Queridos irmãos e irmãs
Meu coração não cabe dentro do peito de tanta
alegria, por ter vivido uma experiência ímpar, pessoal
e comunitária. Foi lindo, maravilhoso! Depois de quase cinco
anos da minha ordenação sentir como se tivesse sido
ordenado ontem.
Sou realmente privilegiado por viver em uma comunidade como esta,
onde choramos, sofremos, muitas vezes somos crucificados, mas capazes
de viver, em comunidade, o perdão, a graça e a glória
da ressurreição do Senhor.
Esta Semana Santa trouxe para mim as mais belas recordações
da minha caminhada vocacional, em Belo Horizonte e pelo interior de
Minas Gerais. Tudo aquilo que lá vivi, revivi neste ano, em
dobro na minha Paróquia, por isso considero-me agraciado por
fazer parte da família lauretana, com seus pecados, é
claro, mas também com as virtudes e a santidade desta Paróquia.
Muito obrigado, meu Deus, porque o Loreto existe, e de modo especial,
porque nós, Barnabitas, existimos também na caminhada
deste Povo de Deus.
Falando em Semana Santa tivemos uma semana intensa:
Segunda-feira, a Via Sacra, dos Grupos de Oração da
nossa Paróquia, segundo Pe. Arthur, foi linda e muito participada
por todos os fiéis.
Terça-feira, a Via Sacra da Família, emocionante. Há
alguns anos, não fazíamos este momento de oração
das famílias. Ouvindo o ensejo de alguns paroquianos, resgatamos
esta devoção da caminhada do Senhor rumo ao Calvário.
Quarta-feira, em celebração inédita em nossa
paróquia, realizamos a procissão do Senhor dos Passos,
ou seja, a Procissão do Encontro, ou das Sete Dores de Jesus
e de Nossa Senhora, fazendo o encontro destas dores, com as dores
da nossa comunidade. Entregando nas mãos d'Aquele que tudo
pode, as nossas esperanças e confiança de um mundo melhor.

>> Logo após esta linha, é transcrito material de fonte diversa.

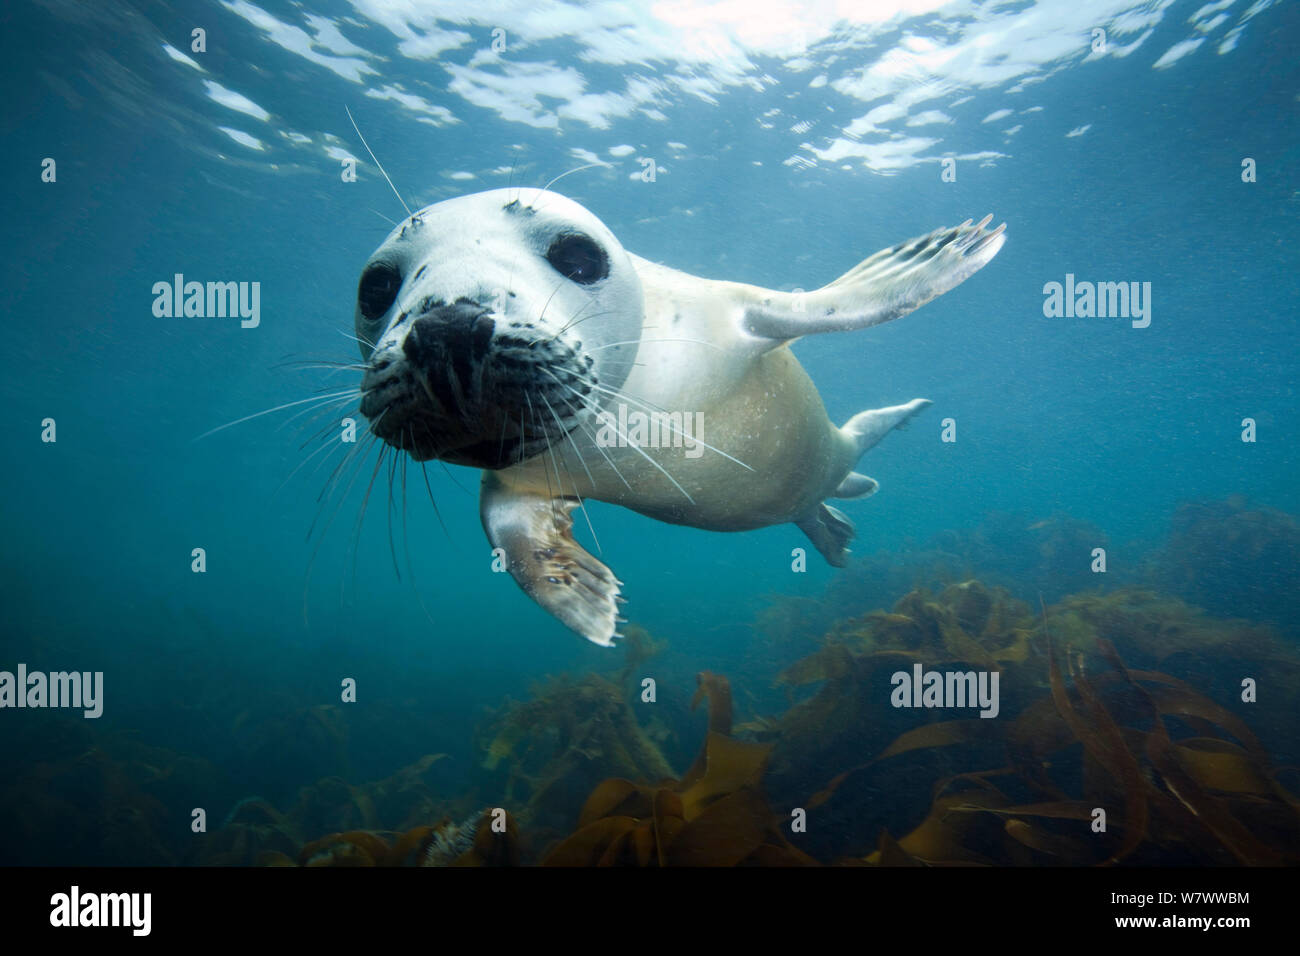 Atlantic Grey Seal (Halichoerus grypus) approaching camera with curiosity, The Isles of Scilly. Stock Photo

O encontro do Senhor com sua Mãe, na frente da nossa matriz,
quando meditávamos a sexta dor, foi emocionante, não
houve quem conseguisse conter os soluços e as lágrimas.
Quinta-feira, o Lava-pés e a Missa da Instituição
da Eucaristia foi uma bênção, todos se emocionaram
ao lembrar que, quem verdadeiramente ama, se coloca a serviço
dos irmãos, como Jesus: " Se, portanto, eu, o Mestre e
o Senhor, vos lavei os pés, também deveis lavar os pés
uns dos outros". Jo 13, 14.
A Vigília do Horto, com 18 horas de duração,
recebeu intensa presença de fiéis, que se prostraram
aos pés de Jesus.
Sexta-feira da Paixão do Senhor, mesmo com a chuva, que caía
como torneiras abertas, não impediu o nosso povo de participar
da cerimônia, onde recordamos o sofrimento e a morte de Nosso
Senhor para a salvação da humanidade. O Loretão
estava repleto. Também foi surpreendente a procissão
do Senhor Morto pelas nossas ruas. A chuva caía e o povo não
arredava pé, cantando e rezando. Era a certeza da ressurreição
que viria.
Sábado Santo Vigília Pascal, vendo aquela multidão,
confesso que fiquei nervoso, mesmo já tendo vivido este momento
no ano passado. Mas neste ano foi peculiar, não dá para
explicar, pois eu já participei com grandes multidões,
em outros lugares, como no Vaticano. Mas lá são pessoas
de todos os lugares, aqui não, éramos todos de uma só
comunidade. Para mim, isto é que torna esta paróquia
sem igual, sobretudo, porque todo o planejamento foi como uma gravidez,
preparada minuciosamente pelas equipes de liturgia e a coordenadora
geral da comunidade.
Domingo de Páscoa, foi uma "maratona" de missas,
todas repletas de fiéis, sedentos do amor do Senhor.
As nossa Capelas: Rio das Pedras, segundo Pe. Arthur, também
não perdeu para o Loretão, muita gente e muita emoção.
No Sertão, Pe. Fernando e nosso futuro diácono Nelson
ficaram emocionados pelas maravilhas que presenciaram.
Diante de tudo isso que me resta dizer? Que Deus seja louvado sempre
pela nossa comunidade. Que o Senhor Ressuscitado os abençoe
e os conduza ao encontro dos irmãos necessitados.